Personal information
- Full name: Jeppe Kjær Jensen
- Date of birth: 1 March 2004 (age 22)
- Place of birth: Horsens, Denmark
- Height: 1.74 m (5 ft 9 in)
- Position: Midfielder

Team information
- Current team: Mjällby
- Number: 10

Youth career
- 2008–2016: Hatting/Torsted
- 2016–2020: Horsens
- 2020–2023: Ajax

Senior career*
- Years: Team / Apps / (Gls)
- 2020: Horsens / 9 / (1)
- 2022–2023: Jong Ajax / 2 / (0)
- 2023–2025: Bodø/Glimt / 6 / (0)
- 2023: → Sandefjord (loan) / 11 / (1)
- 2024: → Fredrikstad (loan) / 24 / (3)
- 2025–: Mjällby / 23 / (2)

International career
- 2019–2020: Denmark U-16 / 9 / (1)
- 2020: Denmark U-17 / 1 / (0)
- 2021–2022: Denmark U-18 / 10 / (0)

= Jeppe Kjær (footballer, born 2004) =

Danish footballer (born 2004)

Jeppe Kjær Jensen (born 1 March 2004) is a Danish professional footballer who plays as a midfielder for Allsvenskan club Mjällby.

==Club career==

===AC Horsens===
Kjær joined AC Horsens from local club Hatting/Torsted IF at the age of 12. In the autumn of 2018, Kjær went on two trials at the English club Southampton accompanied by his father, and the talent manager of Horsens, Claus Troelsen. On his 15th birthday, 1 March 2019, Kjær signed a three-year deal with Horsens. On 28 August 2019, the club confirmed that Kjær was going on a trial at Juventus and was going to play in a friendly tournament for the club. In November 2019, Horsens' manager, Bo Henriksen, confirmed that both Juventus and Southampton were ready to sign him, but Horsens eventually refused to let him go.

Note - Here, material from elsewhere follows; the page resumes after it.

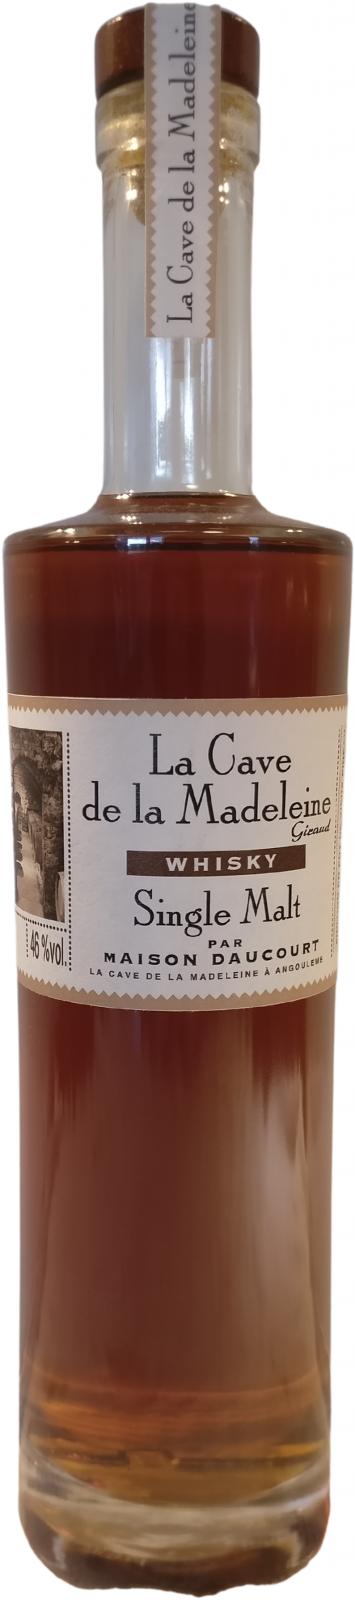 La Cave de la Madelaine Whisky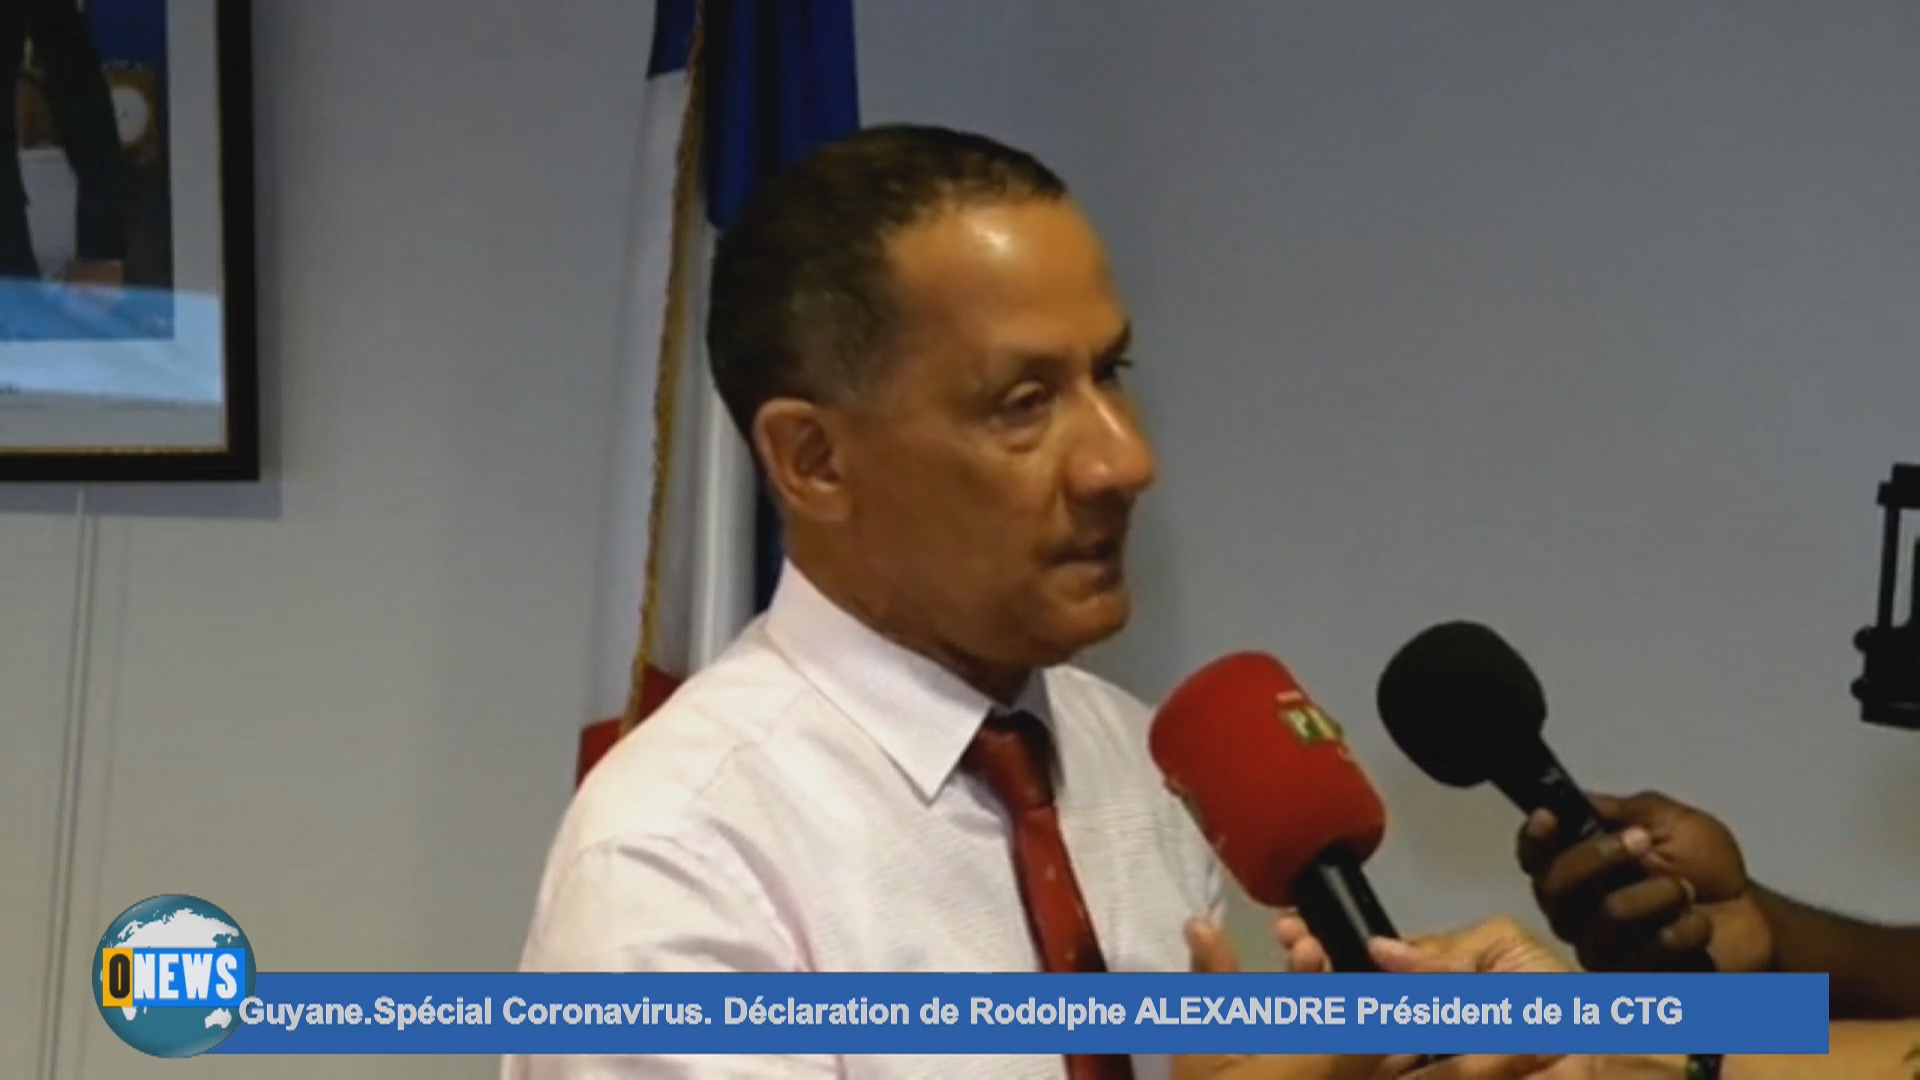 [Vidéo] Onews Guyane coronavirus. Déclaration de Rodolphe ALEXANDRE Président de la CTG

On Kjær's 16th birthday, 1 March 2020, he made his professional debut for AC Horsens and became the youngest ever to make his debut in the Danish Superliga. Kjær started on the bench, before he replaced Michael Lumb in the 79th minute in a 1-2 defeat against Randers FC.

===Ajax===
On 14 August 2020, Dutch club Ajax announced that Kjær would join the club as of 7 September. He signed a three-year contract and was initially included in the youth academy.

After two years in the academy, Kjær got his official debut for Jong Ajax on 12 September 2022 against NAC Breda.

===Bodø/Glimt===
On 17 January 2023, it was confirmed that Kjær had joined Norwegian club Bodø/Glimt on a permanent deal, signing a contract until June 2027.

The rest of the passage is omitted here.